TASK DIRECTIONS: Every line of the listing below should be written out exactly, minus its images.

INFORMATION PROVIDED:

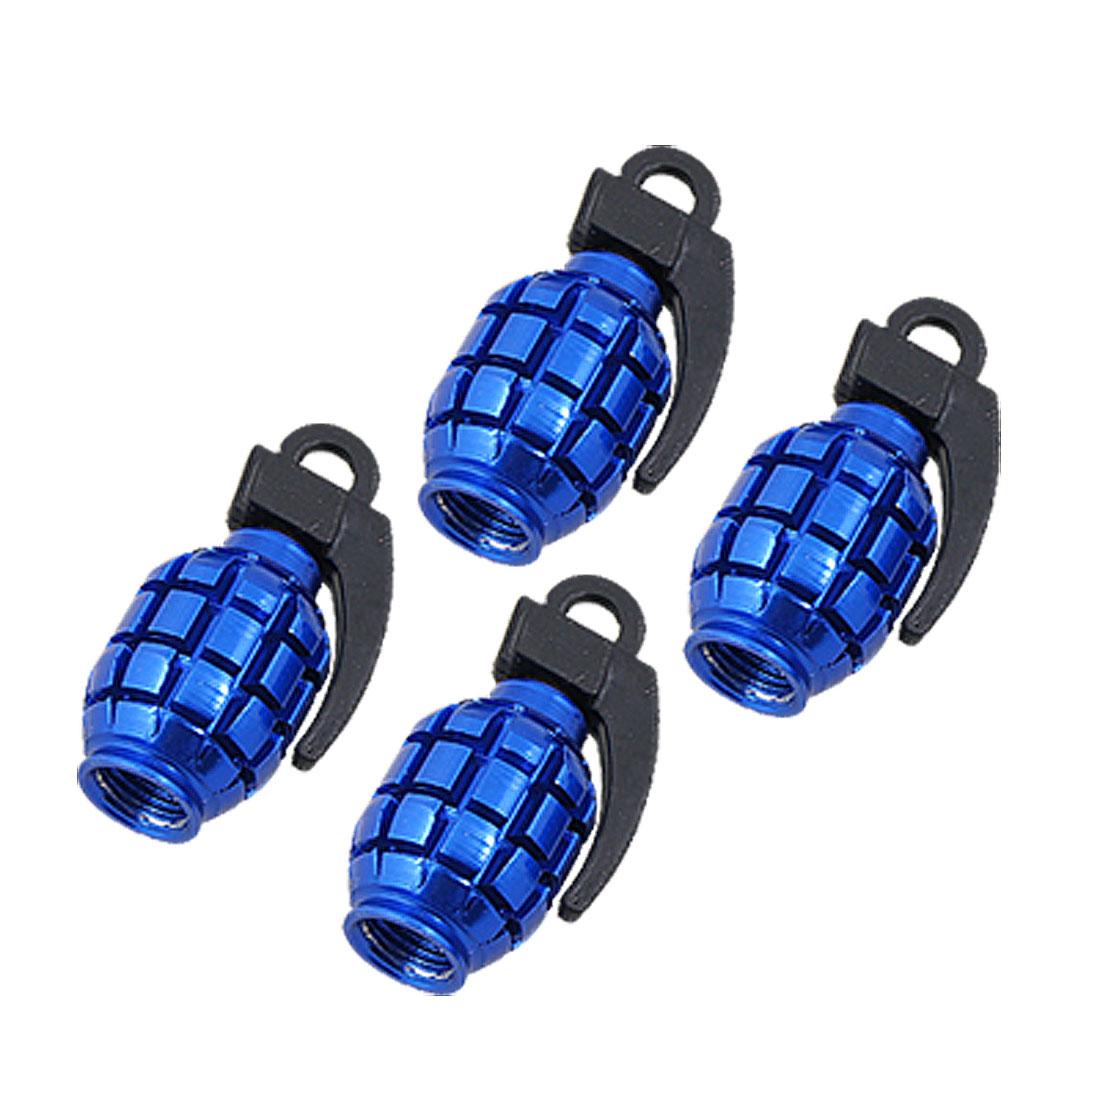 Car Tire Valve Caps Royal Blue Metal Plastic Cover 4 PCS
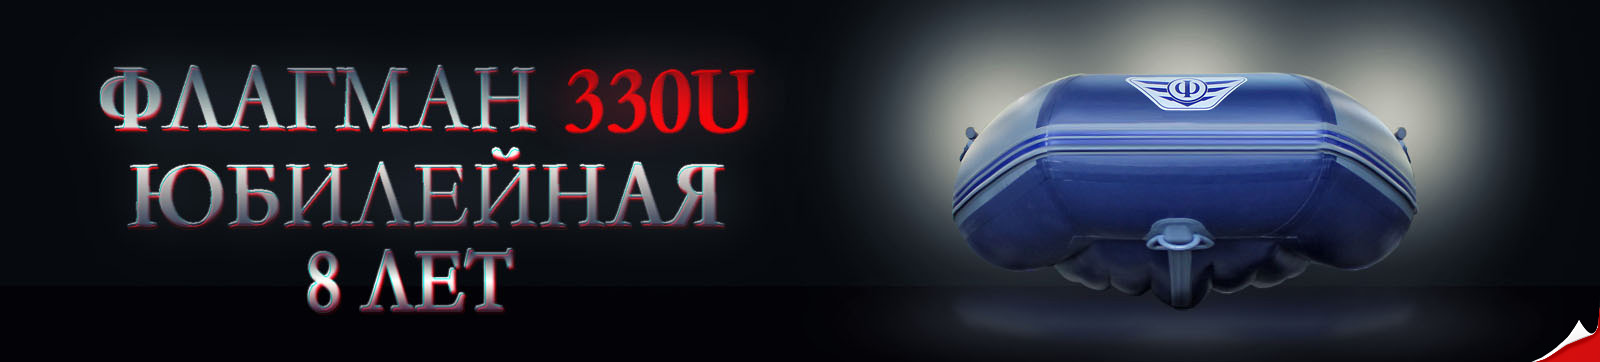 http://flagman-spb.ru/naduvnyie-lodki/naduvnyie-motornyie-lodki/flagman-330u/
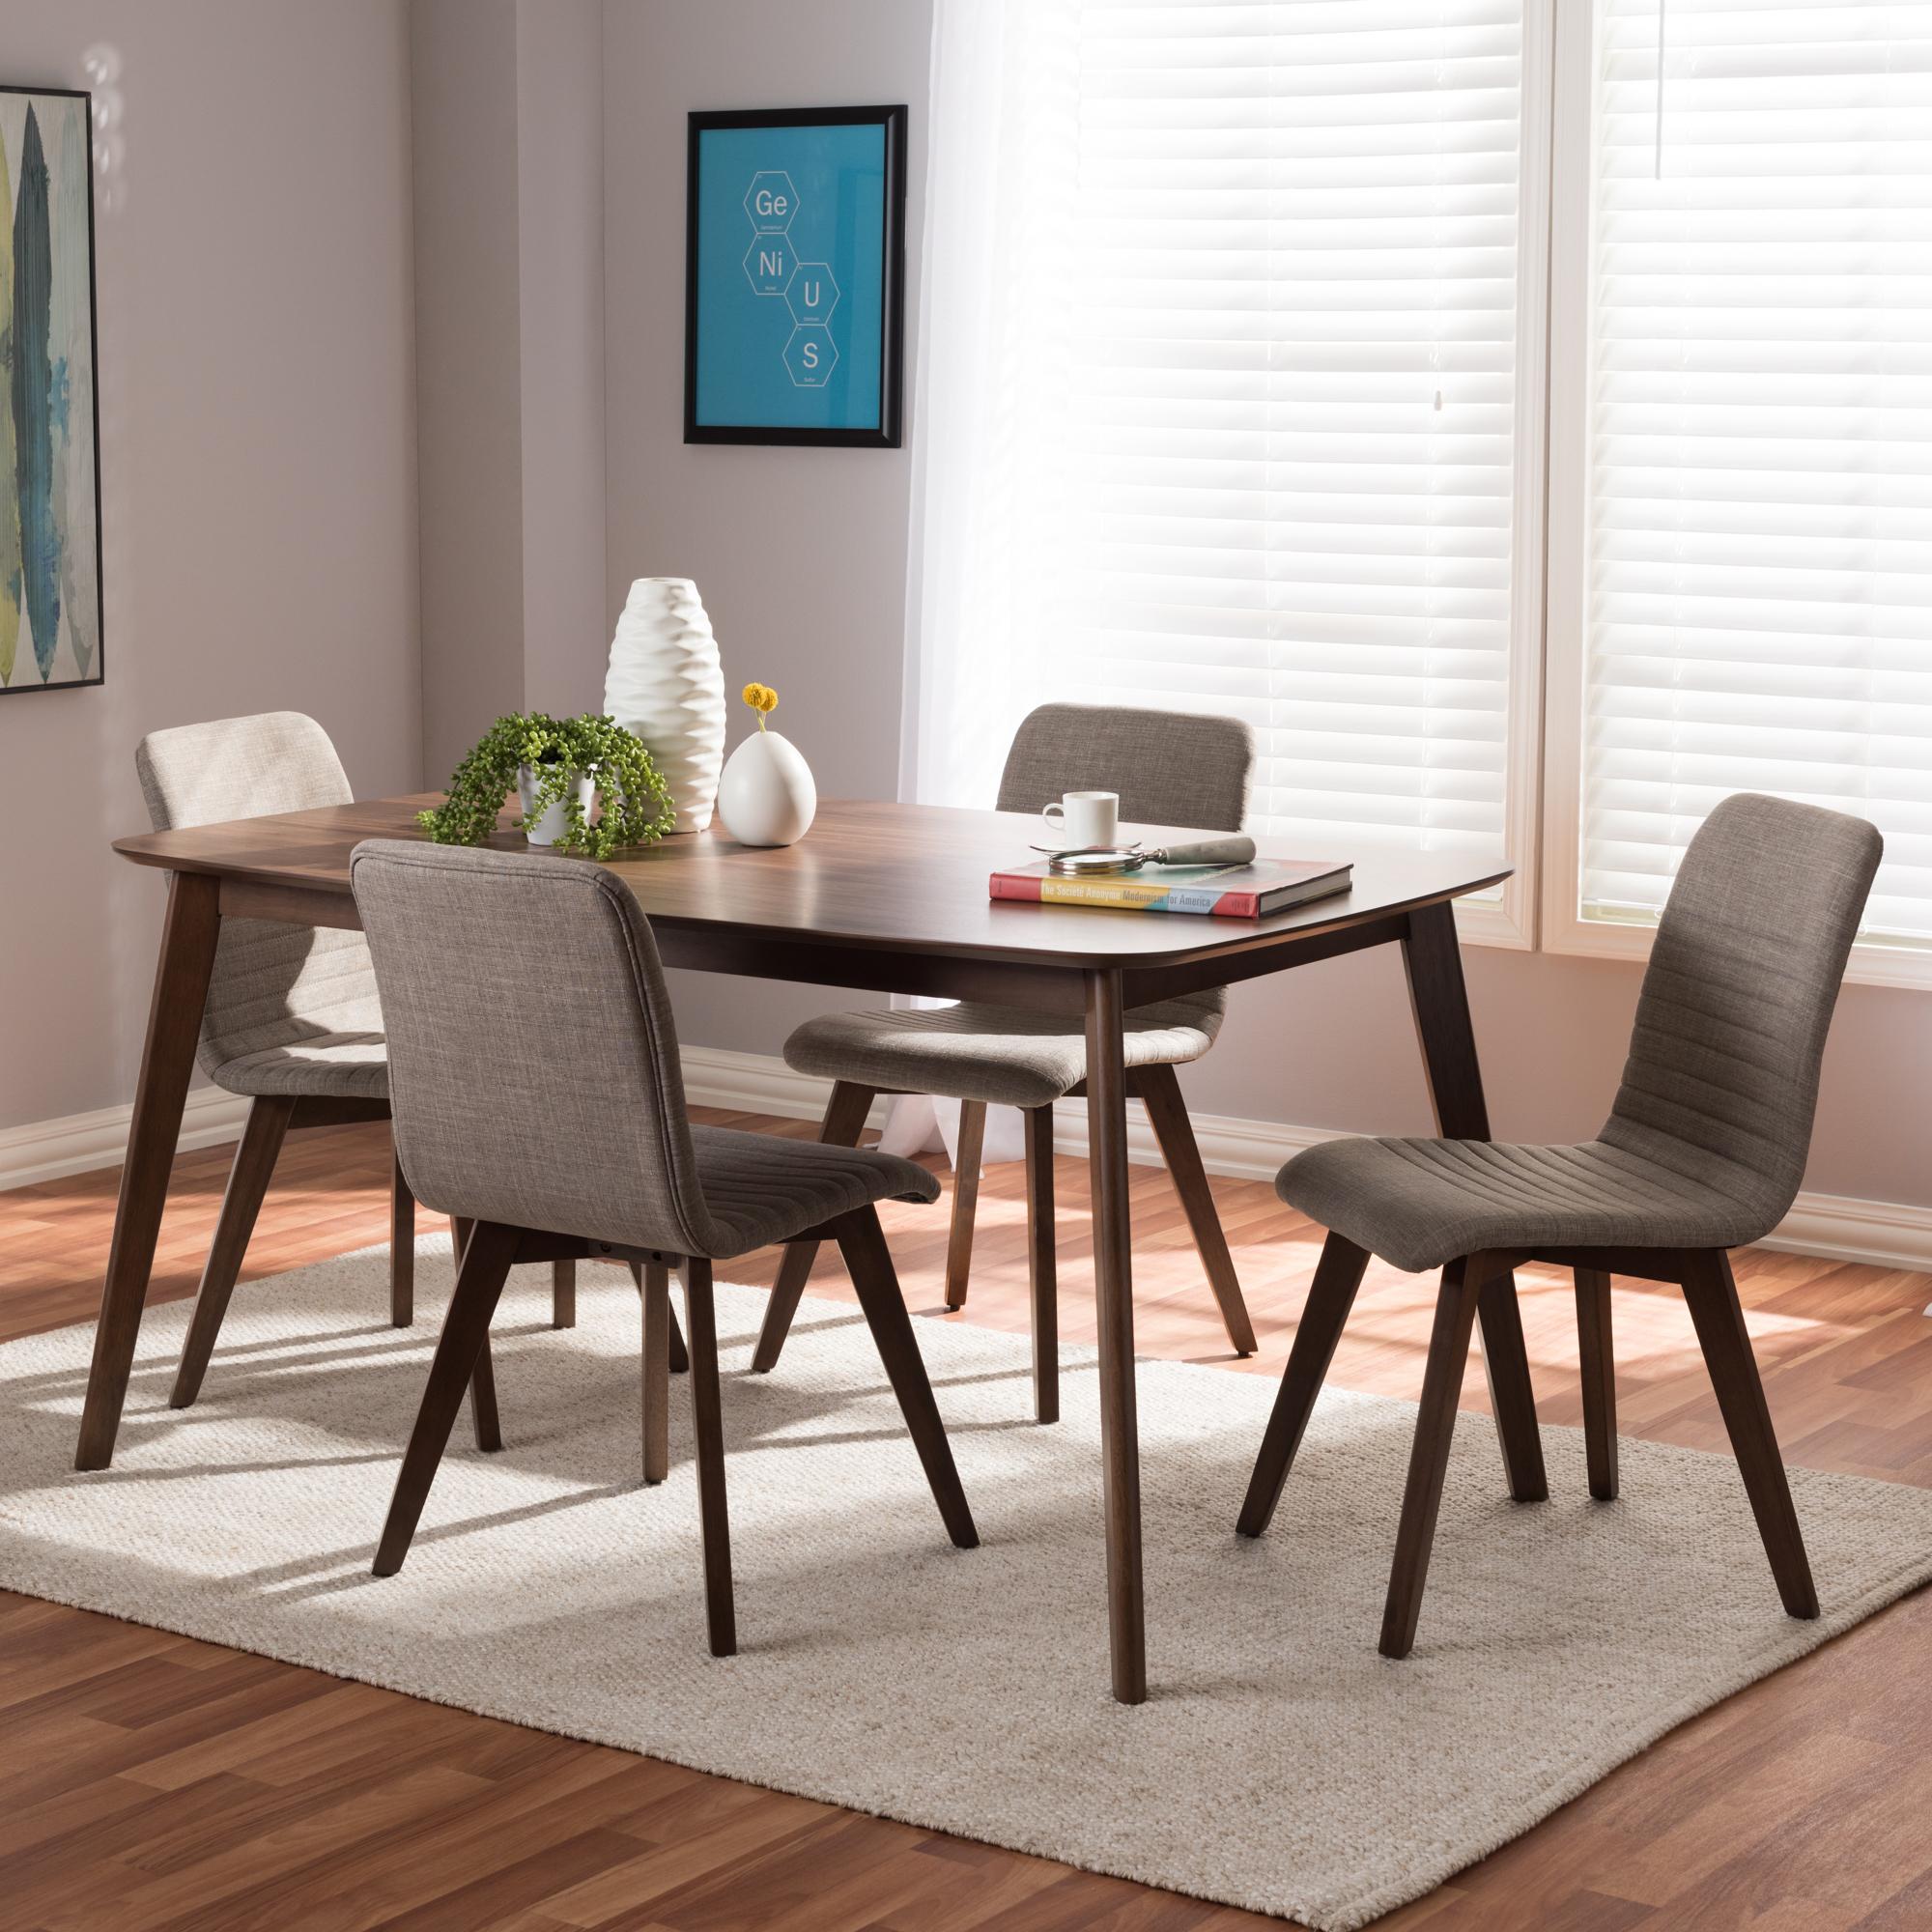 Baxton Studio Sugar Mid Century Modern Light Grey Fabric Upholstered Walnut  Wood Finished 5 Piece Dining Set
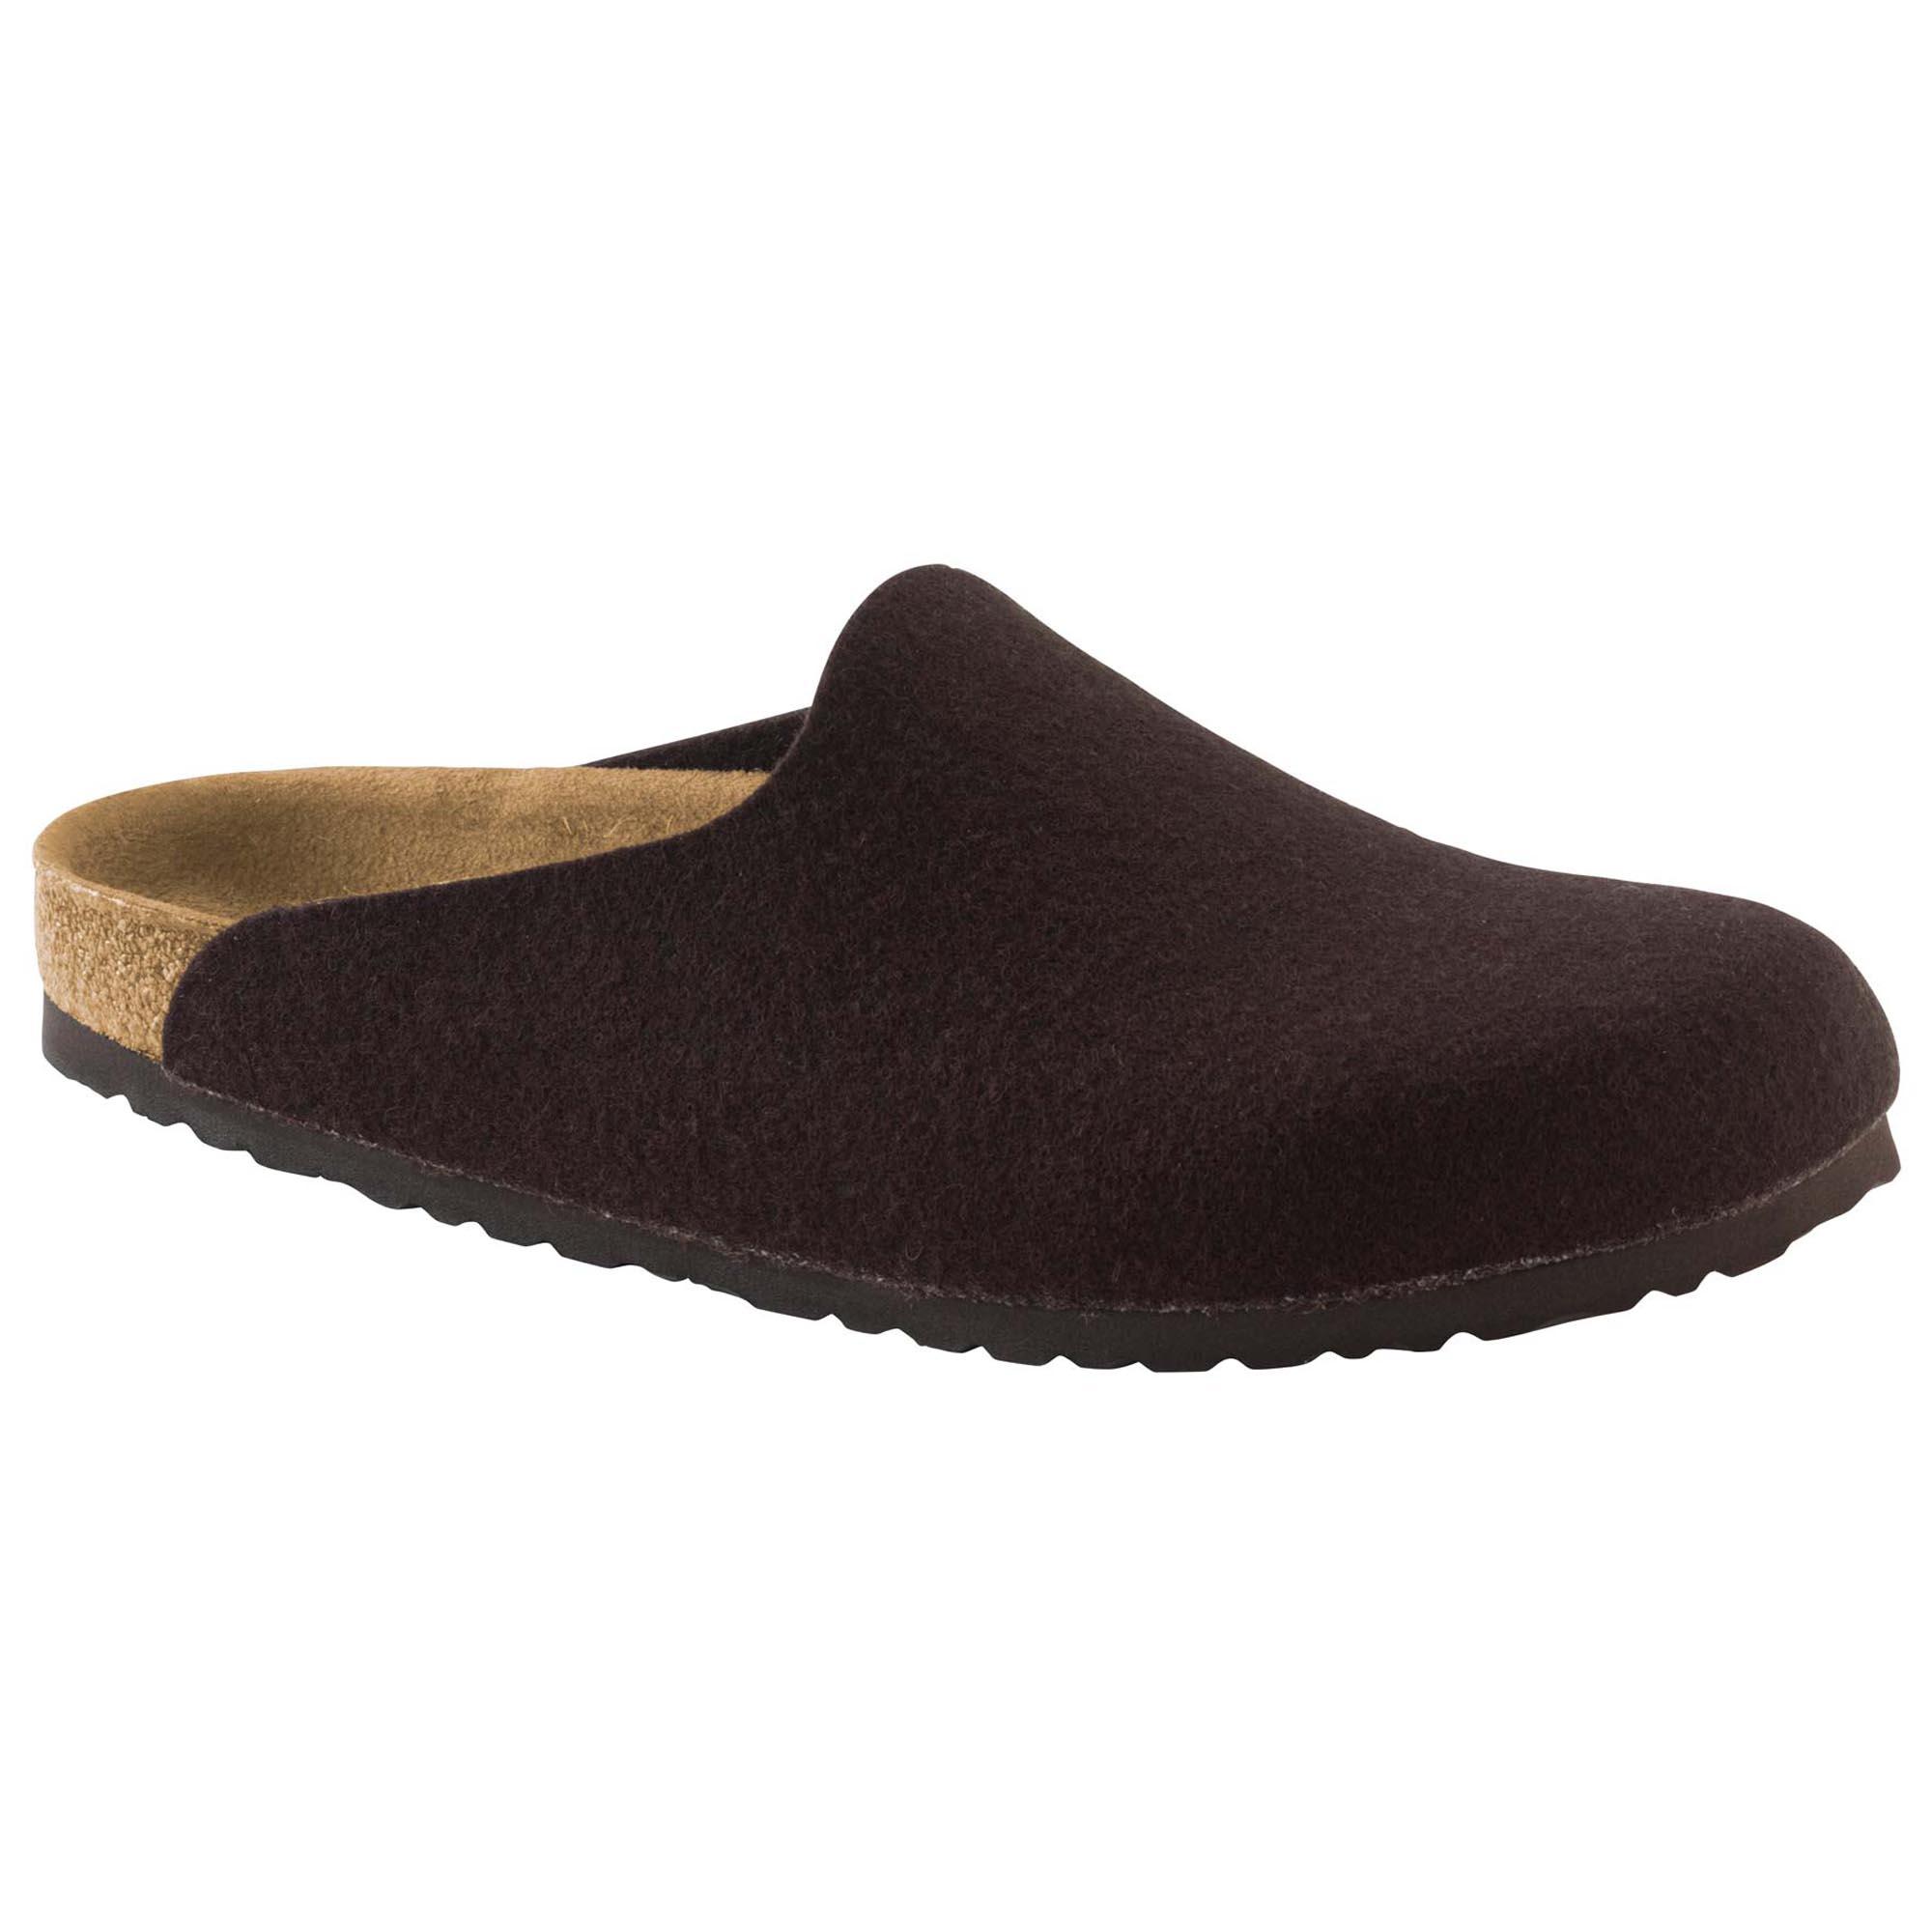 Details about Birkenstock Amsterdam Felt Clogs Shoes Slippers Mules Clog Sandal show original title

OUTPUT FOR THIS EXERCISE:
 Car Tire Valve Caps Royal Blue Metal Plastic Cover 4 PCS
 http://flagman-spb.ru/naduvnyie-lodki/naduvnyie-motornyie-lodki/flagman-330u/
 Baxton Studio Sugar Mid Century Modern Light Grey Fabric Upholstered Walnut  Wood Finished 5 Piece Dining Set
 Details about Birkenstock Amsterdam Felt Clogs Shoes Slippers Mules Clog Sandal show original title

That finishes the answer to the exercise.